On 6/9/15 1:21 PM, Jonathan Gregory wrote:
Dear Jim

You wrote
The calendar only specifies how the reference date and time are to
be interpreted. It says nothing about either the time variable
values or the decoding that should be used to turn those elapsed
time values into dates and times. That choice is entirely up to the
data consumer. If a data producer started with a set of Julian
calendar dates and created a time variable, and a data user prefers
to use Proleptic Gregorian dates, there is no problem. One is not
more correct than the other.
You are right to point to this as a point of disagreement. I thought
we had discussed this earlier e.g. in
http://mailman.cgd.ucar.edu/pipermail/cf-metadata/2015/058224.html
I wrote
Clarify that in the CF convention the choice of "calendar" implies
the particular set of rules that is used to convert between
date-times (YYYY-MM-DD hh:mm:ss i.e. sets of six numbers) and time
coordinates in units of elapsed time since a reference time.
and I believe that this arose from an earlier discussion about this
being a CF-specific use of the term "calendar". Maybe I have misunderstood you 
now.

I think the data producer is the person who decides what the data
means.
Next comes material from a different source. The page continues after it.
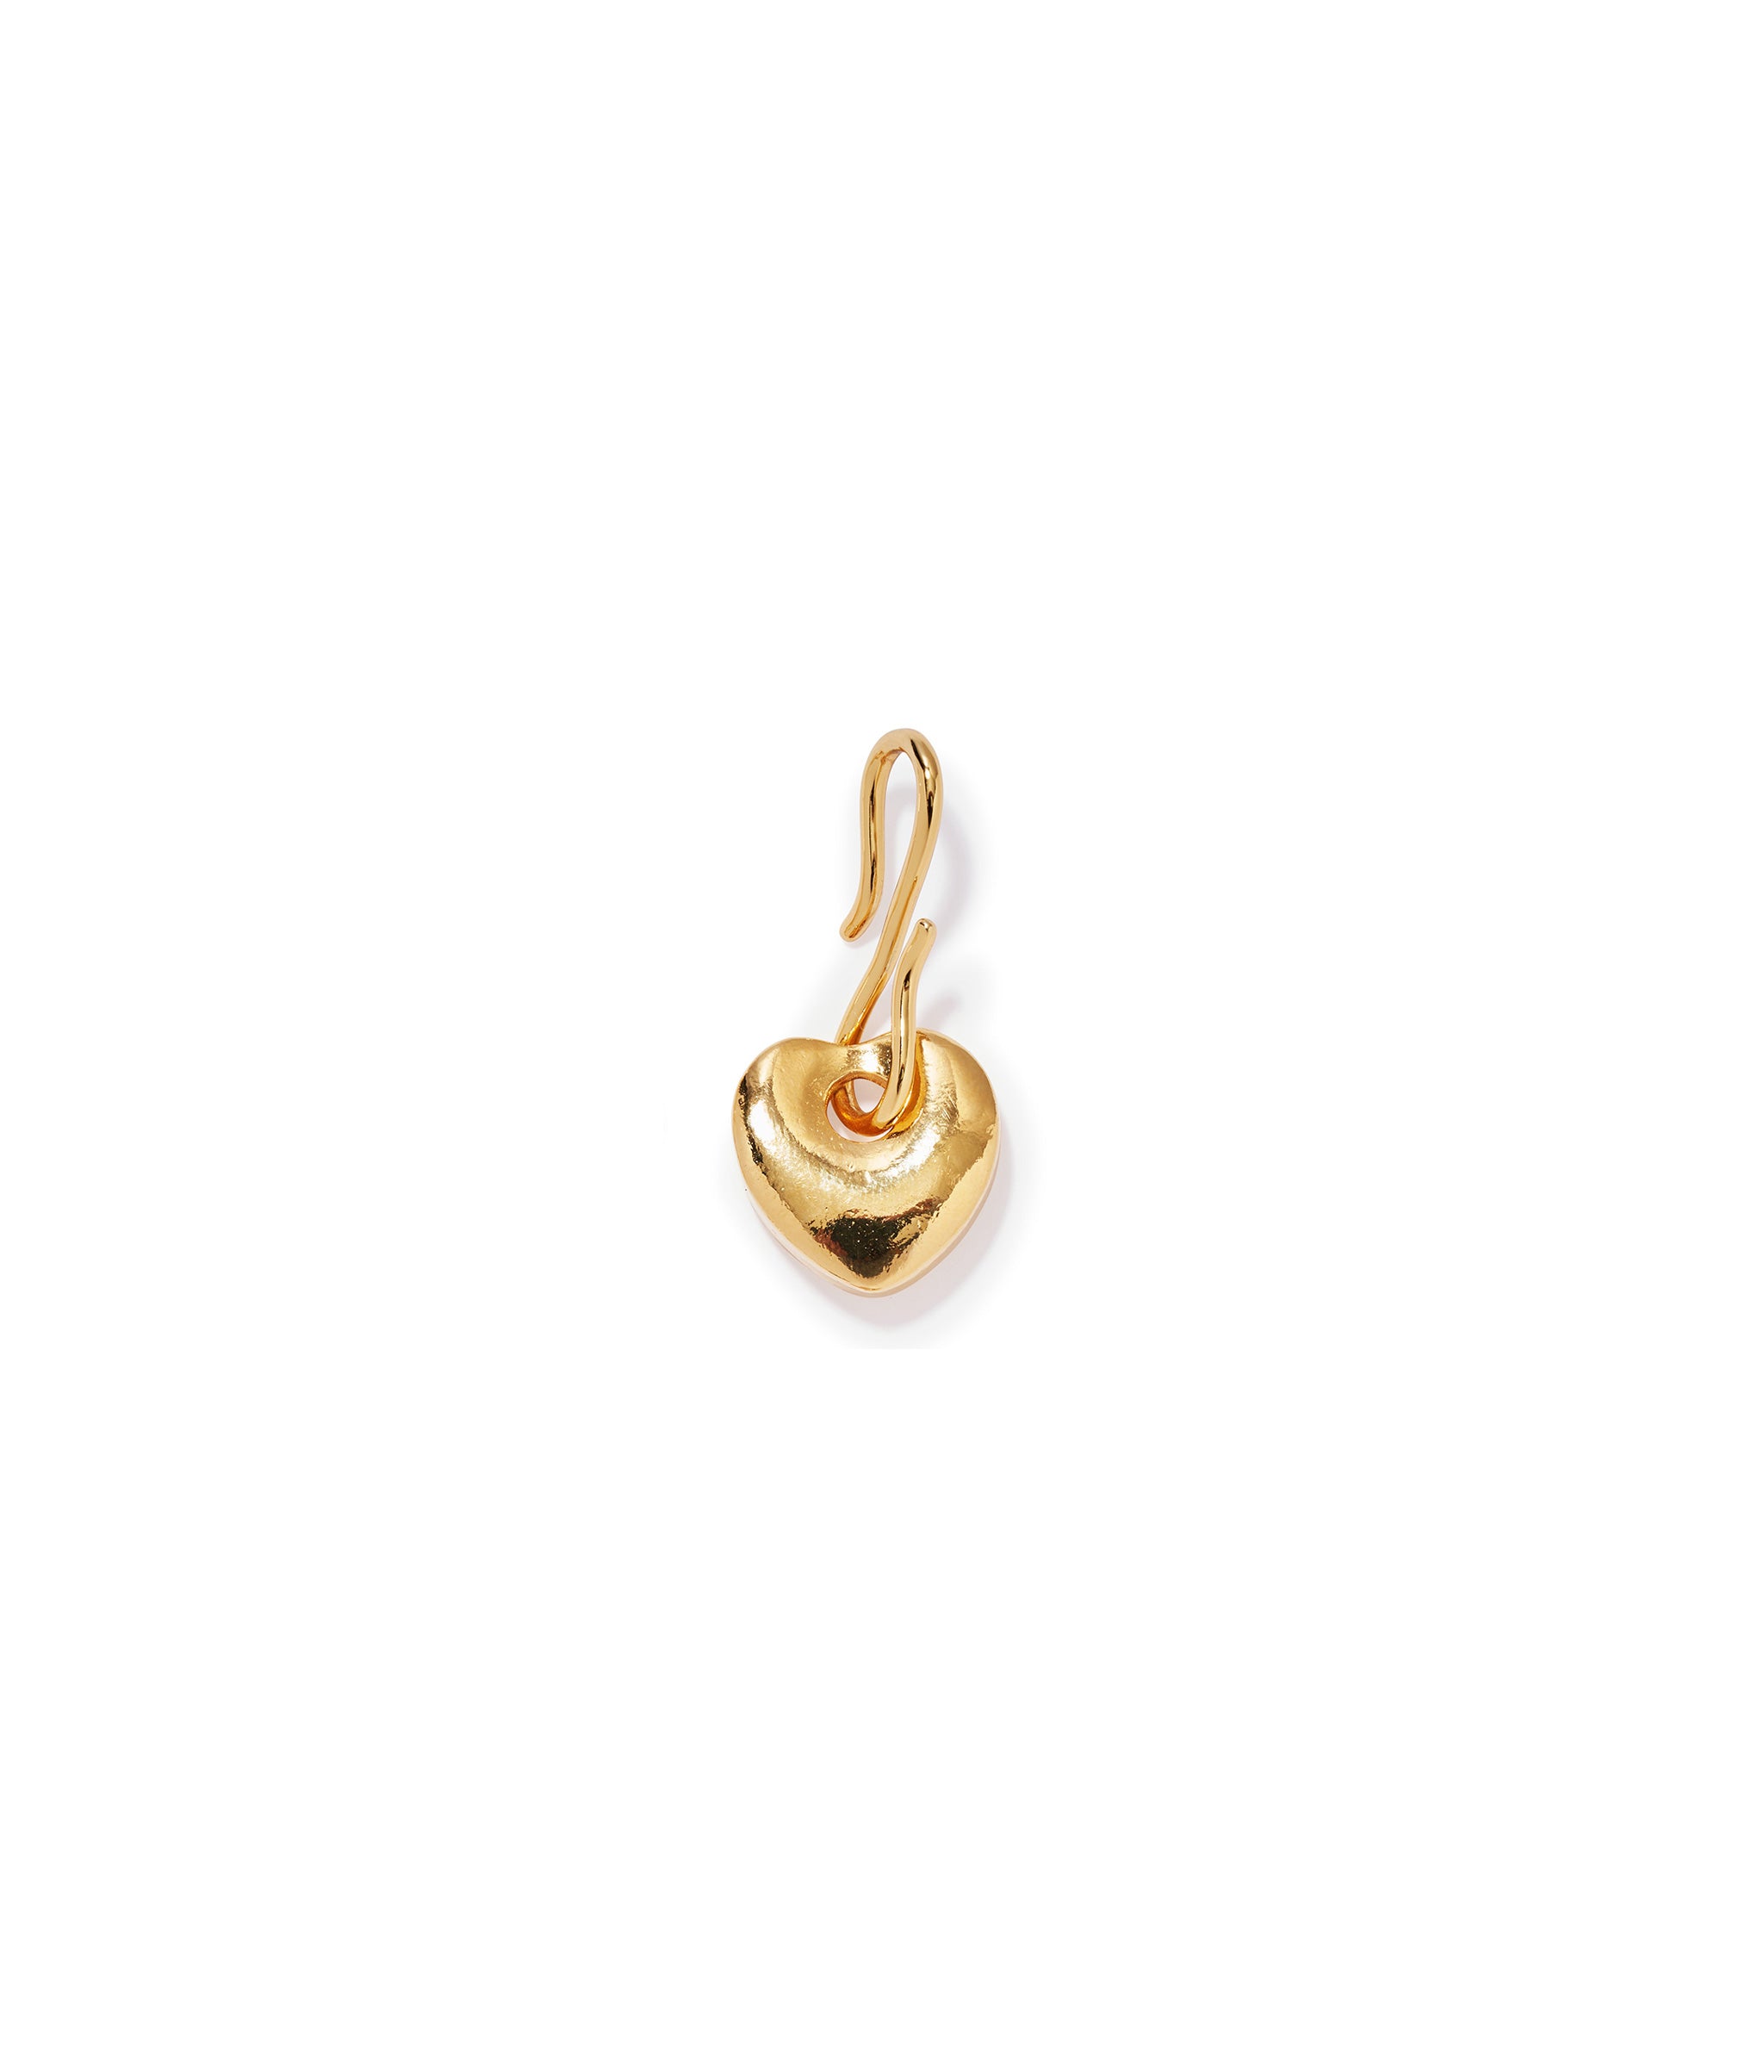 Golden Love Charm. Puffy heart charm in gold-plated brass and resin with gold S-hook.

If the producer has Julian calendar timestamps and encodes
with Julian rules as a time coordinate variable, the data-user is
wrong to decode them with any other rules into timestamps or
interpret them as being in any other calendar. Why would that be a
useful thing to do? I agree with your earlier posting and email that
there is a range of timestamps which refer to the same points in time
in the Gregorian and Julian calendars (long ago, before they drifted
apart) so for that range of dates it would not matter if the data-
user changed the calendar, since they're indistinguishable. But that
is a special case. If you come up to present, a given time-stamp
refers to a different instance in time in the Gregorian and Julian
calendars, just like it does between UTC and GPS calendars. For model
calendars, it would be nonsense for time coordinates encoded in the 360-day 
calendar to be decoded in the proleptic Gregorian calendar, for example.

Perhaps we view time coordinates in different ways? I think the
timestamps are the primary information, and the time coordinates are an encoded 
version.
We do it like that for efficiency of storage, and convenience and
robustness of processing, since string-valued timestamps are
relatively awkward. It has also the great advantage that the encoded
time coordinate is also an elapsed time variable, so it can be used to check 
monotonicity and for calculations.
This is a common need, since time is a continuous coordinate.